“Goyi-Lansi”: Badinage founded on Class Differentiation laced with Ethnicity and Prejudice

Michael Roberts

This article is inspired by Fabian Schokman of Moratuwa whose questioning comment led to a brief exchange involving Eardley Lieversz and myself. I will place these exchanges first before proceeding to address the context and implications of the article on “Goyigama Lansiyās” written by a retired Sinhala police officer of senor rank.

This essay was obviously penned in light-hearted spirit. But, in conveying ethnographic tales of past times in genial tones, the account reveals questionable ‘seams,’ i.e. strands, within the socio-political order. Readers are advised to absorb the essay “The Goyigama Lansiyaas”[1] as an initial measure …. before proceeding to the exchanges and the arguments below.

the 2nd Pic may well be British ladies and gents in a Whites only club

ONE: EMAIL EXCHANGES

Fabian-to-Michael, 12 July 2019

Dear Michael, ……  Respectfully, while it is an informative and equally interesting read, I don’t find the term “goyigama lansiyā” defined anywhere in the piece. I was hoping you could enlighten me as to the etymology of the word and the usage and connotation. ….  Hoping to hear from you soon. ……….Regards, Fabian

Michael to Fabian, 13 July 2019

Dear Fabian, …………..I have never heard it myself. Your question is pertinent. As a guess I would say that it is a way in which upper class Sinhalese in the Westernized world [of Sri Lanka] gave weight to most Burghers by weighting them with the Goyigama — thus with the respectable Sinhala layers as distinct from the godayō.

By implication these Burghers were not karapothu lansi [that is, sapaththu lansi or lower-class Burghers] …………… Michael

Michael II: I hinted at the layering via my ref to the book People Inbetween and a placement of the cockroach caricature [in this Thuppahi item]. IF I may, can I insert your Comment and Query in Thuppahi and Facebook to see what older generation personnel will say?

Michael to Fabian III, 14 July 2019: ….. Thinking Further: the phrase “Goyigama Lansi” points to the play of these sentiments and the mix thereof

  • Radalaness
  • Snootiness
  • toffee-noseness

In other words, your Question is a very good one…… but let us see

An Interjection from Eardley Lieversz [in Sydney], 14 July 2019  …….. Very good. I would like to disseminate this.

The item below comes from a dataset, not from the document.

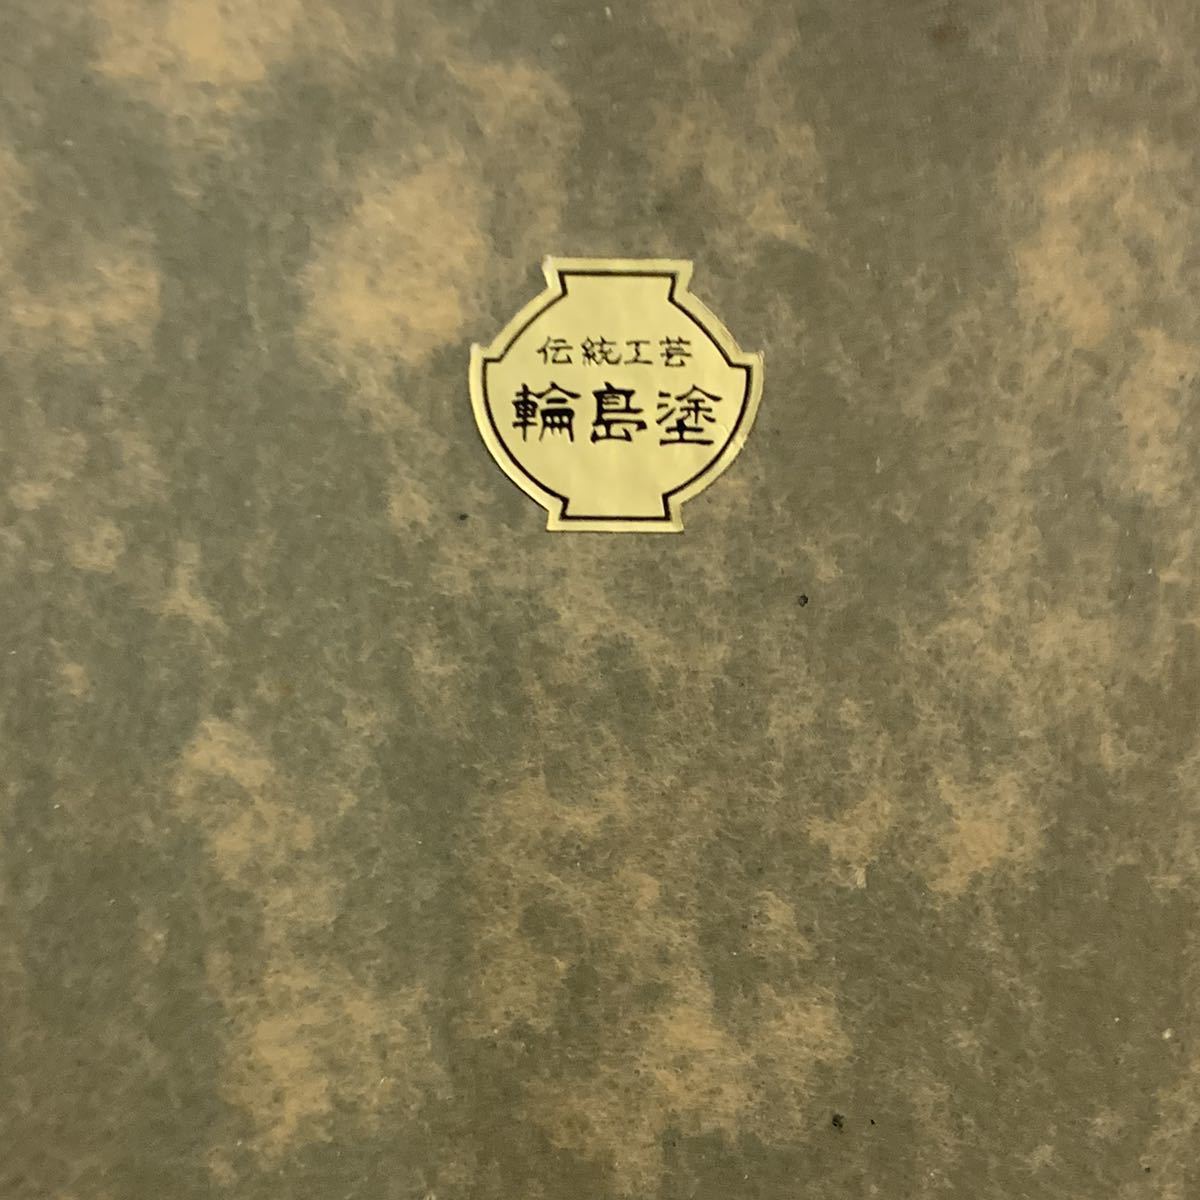 赤47 輪島塗パネル 在銘 歌舞伎 額サイズ約51×42.5㎝(漆芸)｜売買され

Fabian-to-Michael, 14 July 2019

Dear Michael, …. Thank you for the charts. I do own a copy of your People Inbetween – a treasured possession, but while acknowledging the linguistic etymology of the other words, I am particularly curious as to the origin of the phrase “govigama lansi.” I acknowledge your hypothesis that it is a derived from a need to differentiate between the “karapotu lansi” and therefore distinguish a caste above by comparing them to the upper caste “govigama,” but is there any proof of this origin.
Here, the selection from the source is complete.